Fig. 50.—Mimesa bicolor ♂. Britain.

The species of Passaloecus live in the burrows that they form in the stems of plants; Pemphredon lugubris frequents the decayed wood of the beech. The larva and pupa of the latter have been described by Verhoeff; no cocoon is formed for the metamorphosis. Both these genera provision their nests with Aphidae. This is also the case with Stigmus pendulus, but the burrows of this species form a complex system of diverticula proceeding from an irregular main channel formed in the pithy stems of bushes. Cemonus unicolor, according to Giraud, forms its burrows in bramble-stems, but it also takes advantage, for the purposes of nidification, of the abandoned galls of Cynips, and also of a peculiar swelling formed by a fly—Lipara lucens—on the common reed, Arundo phragmites. This species also makes use of Aphidae, and Verhoeff states that it has only an imperfect instinct as to the amount of food it stores.

Fig. 51.—Pemphredon lugubris ♀. Britain.

Sub-Fam. 10. Crabronides.Pronotum short, front wing with one complete submarginal and two discoidal cells: hind body variable in form, pedicellate in some abnormal forms, but more usually not stalked.
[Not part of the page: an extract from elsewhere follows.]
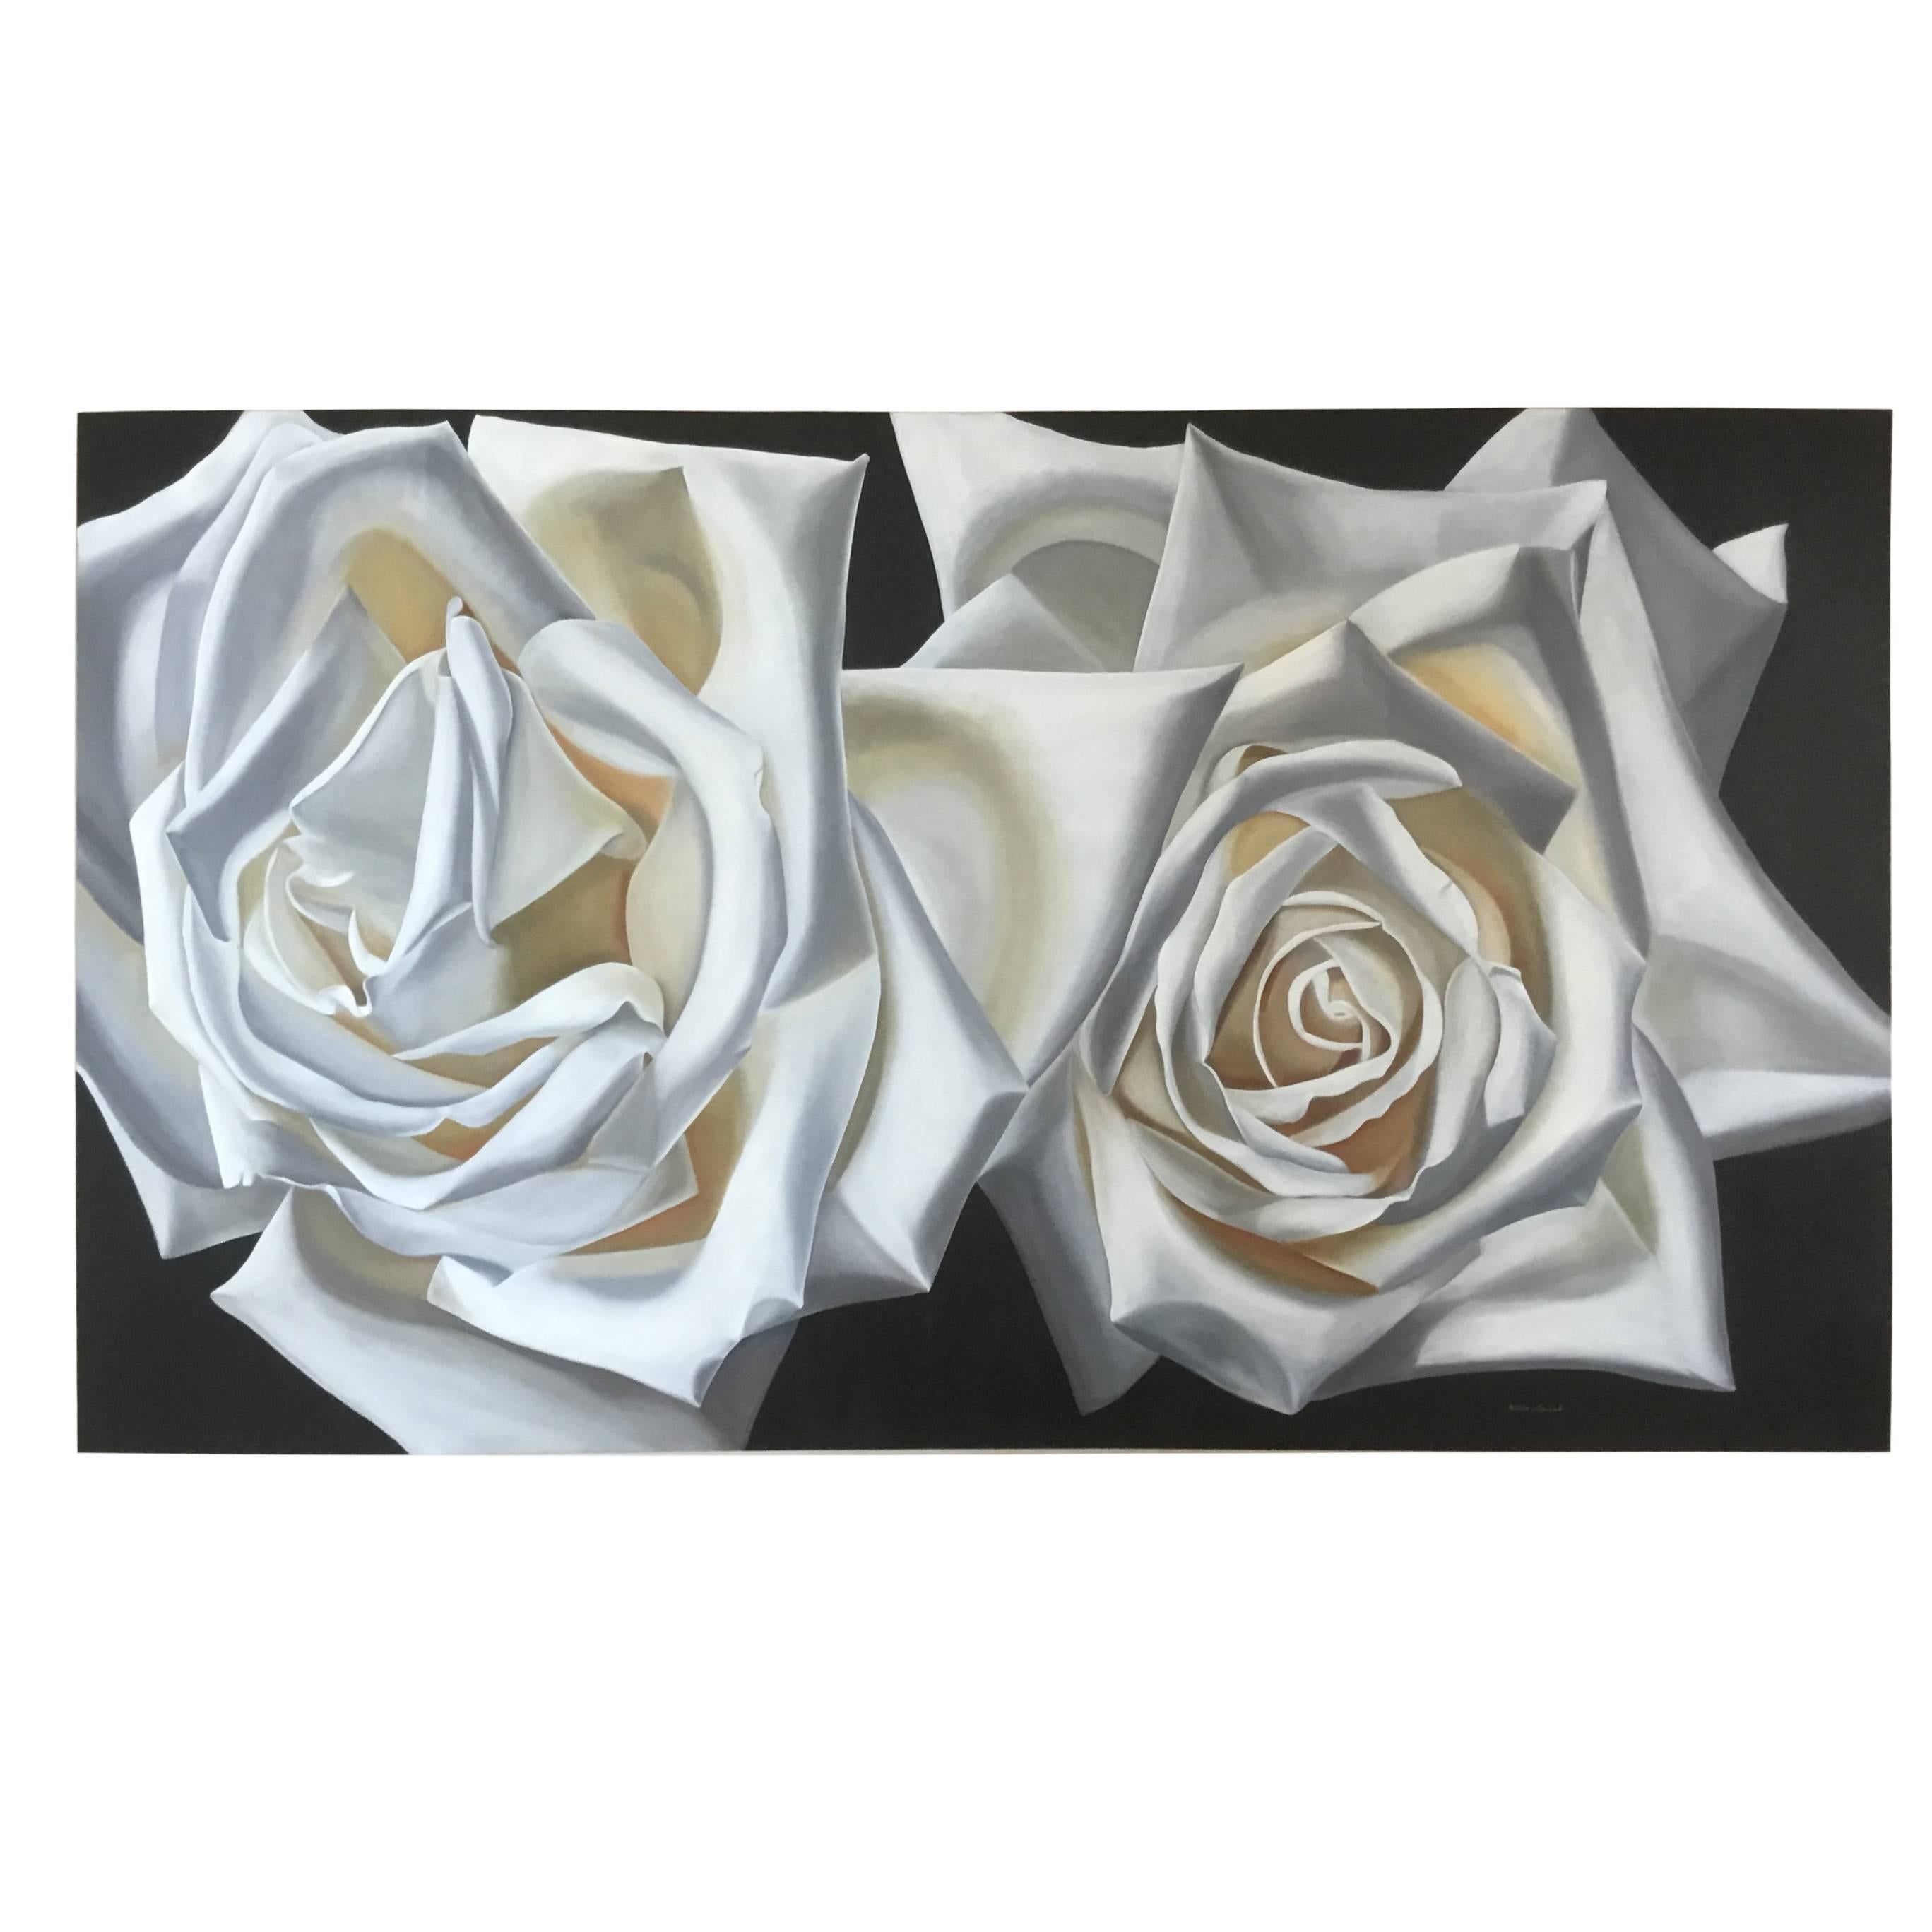 Willa Spivak "Large Roses" Oil on Canvas

The Crabronides (Vespa crabro, the hornet, is not of this sub-family) are wasp-like little Insects, with unusually robust and quadrangular head. They frequently have the hind tibiae more or less thickened, and the clypeus covered with metallic hair. It appears at present that they are specially attached to the temperate regions of the northern hemisphere, but this may possibly be in part due to their having escaped attention elsewhere. In Britain they form the most important part of the fossorial Hymenoptera, the genus Crabro (with numerous sub-genera) itself comprising thirty species. The males of some of the forms have the front tibiae and tarsi of most extraordinary shapes. They form burrows in dead wood, or in pithy stems, (occasionally in the earth of cliffs), and usually store them with Diptera as food for the larvae: the wings and dried portions of the bodies of the flies consumed by Crabronides are often exposed to view when portions of old wood are broken from trees.

Fig. 52.—Crabro cephalotes ♀. Britain.

The genus Oxybelus is included by some systematists, but with doubt, in this sub-family; if not placed here, it must form a distinct sub-family. It has the metathorax spinose, and the sub-marginal and first discoidal cells are not, or are scarcely, separated.